Murdoch was previously chief executive of Sky between 2003 and 2007 and chairman between 2007 and 2012. Martin Gilbert, chief executive officer of Aberdeen Asset Management, has been appointed deputy chairman. Andrew Sukawaty to replace Gilbert as Sky's senior independent director.
The reappointment of Murdoch, four years after leaving the role amid the News Corp phone hacking scandal, left analysts somewhat puzzled. Jefferies said the move "is obviously an intriguing development".
For the half year to end-December, Sky posted a pretax profit of GBP414 million, down from GBP1.21 billion a year before, mostly as a result of exceptional profits from the sale of the company's stake in ITV PLC in the year comparative period not repeating.
However, operating profit also slipped to GBP524 million from GBP536 million a year before, mostly as a result of costs related to the company's acquisition and integration Sky Deutschland and Sky Italia. Stripping out GBP223 million in costs related to the acquisitions, as well as restructuring charges, operating profit grew to GBP747 million from GBP667 million, beating market expectations.

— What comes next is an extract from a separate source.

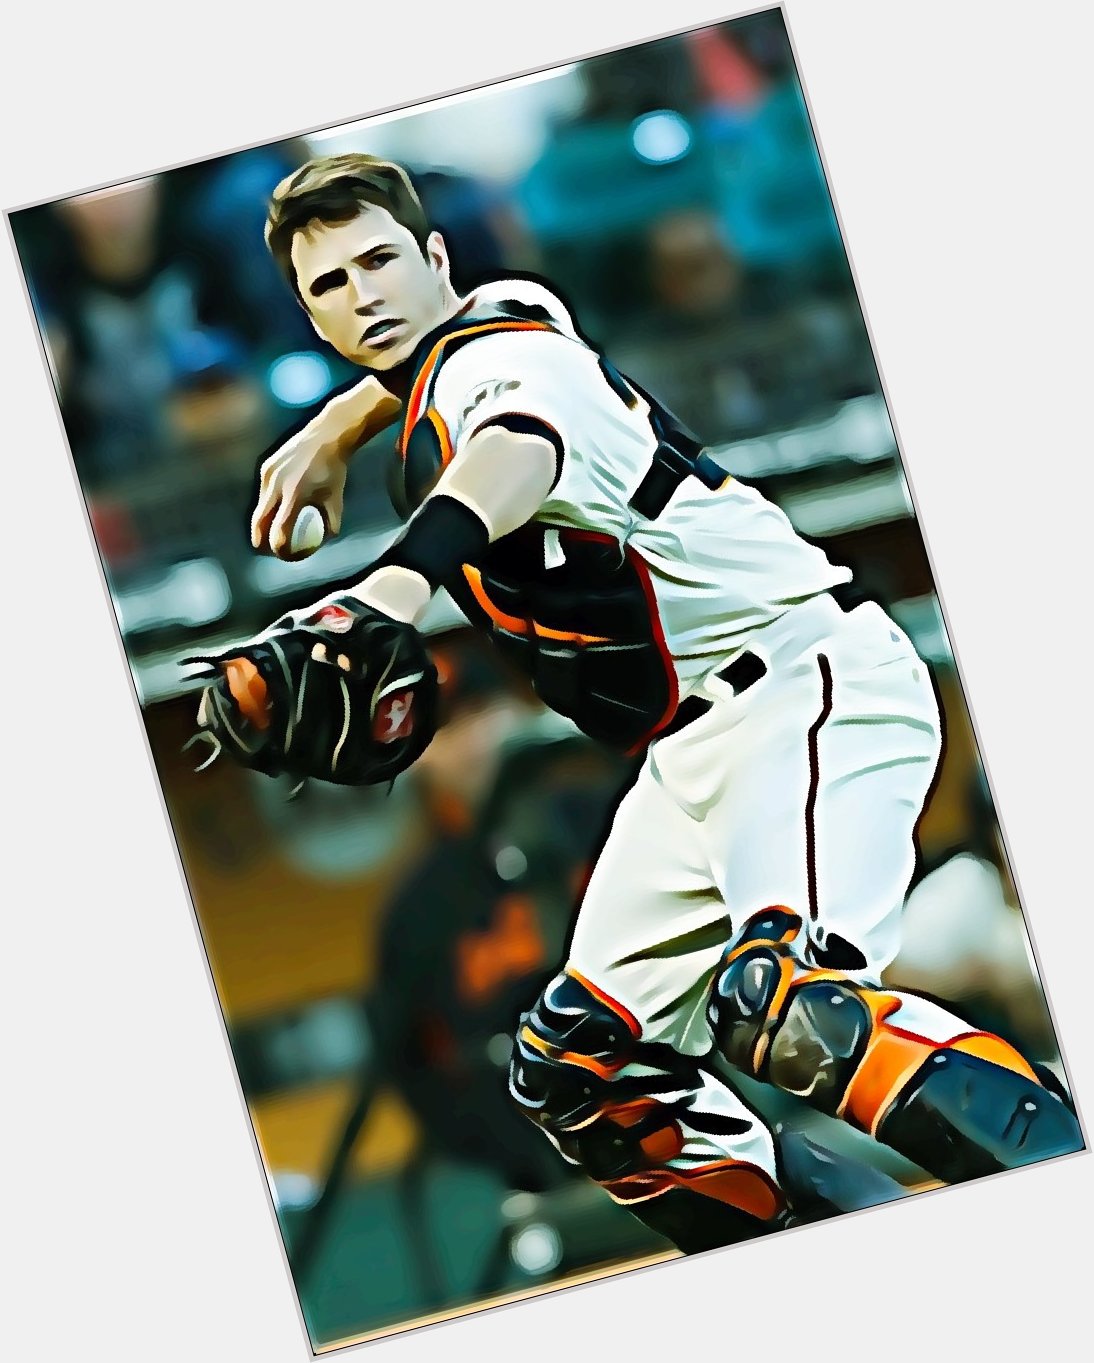 Happy birthday Buster Posey!

Revenue rose to GBP5.72 billion from GBP4.30 billion as a result of the enlarged size of the business following the acquisitions of Sky Deutschland and Sky Italia, although this also drove up operating expenses to GBP5.19 billion from GBP3.77 billion.
On a like-for-like basis, including the results of the Italian, German and Austrian businesses for the full prior period, revenue rose 5% to GBP5.72 billion from GBP5.44 billion.

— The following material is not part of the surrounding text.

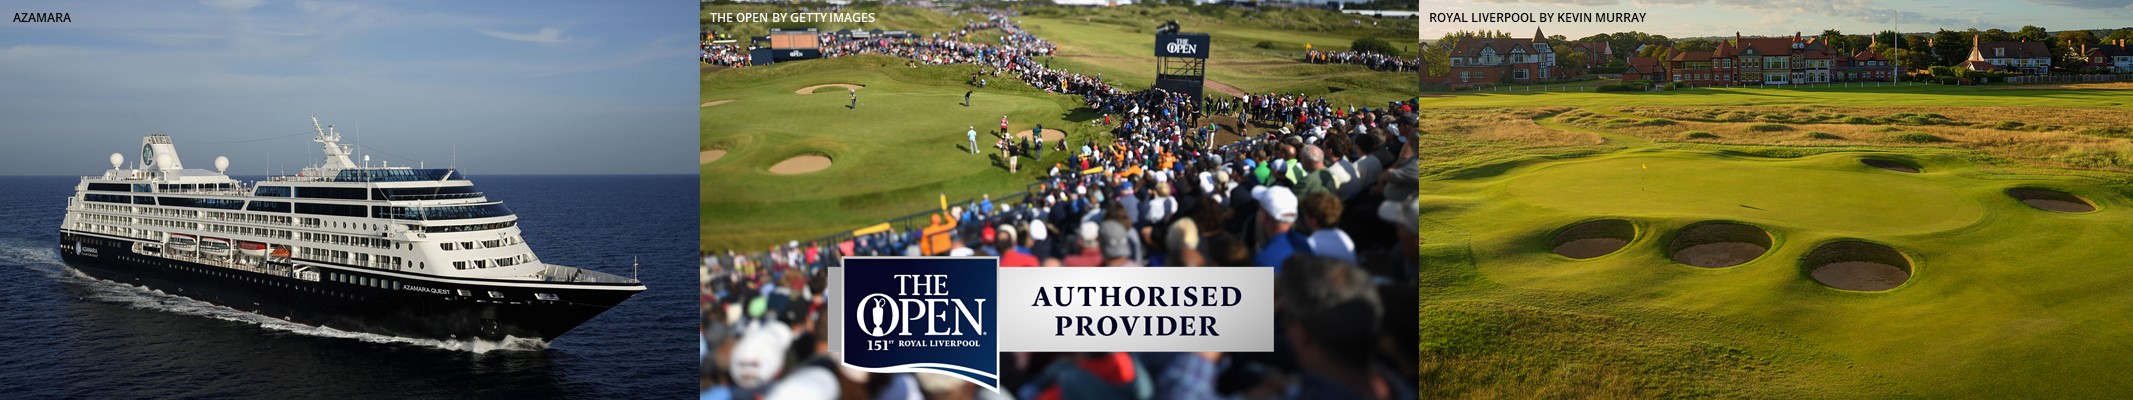 The 151st Open Championship at Royal Liverpool Golf Vacation Packages

The company added 337,000 new customers across all of its markets during the quarter, taking its total retail customers as of the end of the quarter to 21.48 million, up from 20.61 million a year before.
Sky highlighted a "very strong performance" in the UK and Ireland, adding 205,000 customers, including a further 146,000 television customers. In Germany and Austria, it added 120,000 customers in the quarter and saw revenue rise 10%.
In Italy, the company said it had traded well in a "highly promotional environment", with heavy discounting from competitors and a loss of its Champions League rights. Revenue declined 3% in this market.
Programming costs increased 4%, as the company benefited from the absence of costs for the Ryder Cup and Champions League in Italy and the UK. However these savings were partially offset by a hit from a change in the amortisation profile of content rights in Germany, and investment in programming elsewhere.
Sky proposed an interim dividend of 12.6 pence per share, up from 12.3p a year before.
Looking ahead, the pay-TV company outlined a number of product developments and updates it will roll-out during 2016, including a redesign for its on-demand streaming service NOW TV and a new NOW TV streaming box, as well as its next generation Sky Q suite of products, due to be released on February 9.
"We have had another very strong half as we continue to transform Sky, broadening our business and expanding into new markets and customer segments. This strategy is delivering today and opening up significant growth opportunities for the future. We are pursuing those opportunities with energy and purpose," said Chief Executive Jeremy Darroch in a statement.
"We're excited about 2016 and we start the year with good momentum. With an outstanding set of new initiatives and products for our customers, we are well positioned to deliver further strong growth and returns for shareholders," Darroch added.
Shares in Sky were up 2.0% at 1,062.00 pence Friday morning, one of the best performers in the FTSE 100.